The beach at Portarlington stands out immediately with its avenue of towering, cypress trees. It's under these, in the J. Henderson Reserve, you can leave the car, in free, shaded, beach parking and head for the sand.
At the height of summer, you'll share the water with the large number of families, staying at the nearby Bellarine Bayside holiday park. It's for good reason they have chosen this location, as this stretch of water is ideal for children. It's shallow, with sand bars for them to stand up on, there's very little seaweed or rocks and the beach has almost no waves, being part of a sheltered harbour.
Towards the end of December each year, a carnival with spinning rides and games, is set up along the foreshore. Portarlington Beach also has grass areas with enough room to fly a kite or to walk dogs, who are welcome in the reserve, provided that they stay on-lead.
There are shops and cafes nearby so fish and chips, ice-creams, a quick latte or even a sandwich for lunch is never far away. Public toilets are located at the beach as well.
Even on a day that's less than ideal for swimming, people enjoy visiting Portarlington just to stroll upon its large pier. There, many commercial fishing boats can be seen and even recreational anglers are found dropping in a line over the pier's edge.
Beneath the pier, snorkelers examine the different seaweed and barnacles clinging to the pylons. Unfortunately, they also sometimes come across examples of the noxious, Northern Pacific Seastar as well.
Portarlington is the location for the annual Portarlington Mussel Festival, which sends the tiny town into overdrive with the 15 000 visitors it attracts. As well as being able to purchase boxes of fresh mussels there are cooking demonstrations, live entertainment, vintage car displays and kids activities there also.
Of all the beaches on the Bellarine Peninsula it surprises me that you chose Portlarlington and Clifton Springs to feature. Portarlington has awful gritty sand and the mussel farms and boats in the bay ensure a foul smell most of the year. Clifton Springs is barely a beach, more of a boat ramp for locals which I certainly would not snorkel in.

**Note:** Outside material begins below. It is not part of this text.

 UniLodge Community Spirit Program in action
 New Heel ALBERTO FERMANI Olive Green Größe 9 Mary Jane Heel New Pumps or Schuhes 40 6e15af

The best beaches in my opinion for children is the Barwon Heads river (near the bridge - shallow safe water), best surf beach for experienced surfers is 13th Beach in Barwon Heads and a wonderful clean swimming beach with beautiful sand is Breamlea or Ocean Grove main beach is safe when patrolled by the Surf Life Savers. Best place to snorkel is Queenscliff (the marine discovery centre is located here and worth a look, they also do discovery tours) or Point Lonsdale has some lovely rockpools to observe or snorkel in - but you'll need a wetsuit unless in the height of summer.
My husband and I love to go to the beach at Ocean Grove, lot's of beautiful white sand, and there is a nice cafe there called The Dunes, plenty of parking and at certain times of the year, you are allowed to walk your dog on the beach, a big plus for us, we take our dogs most places with us, they are part of our family.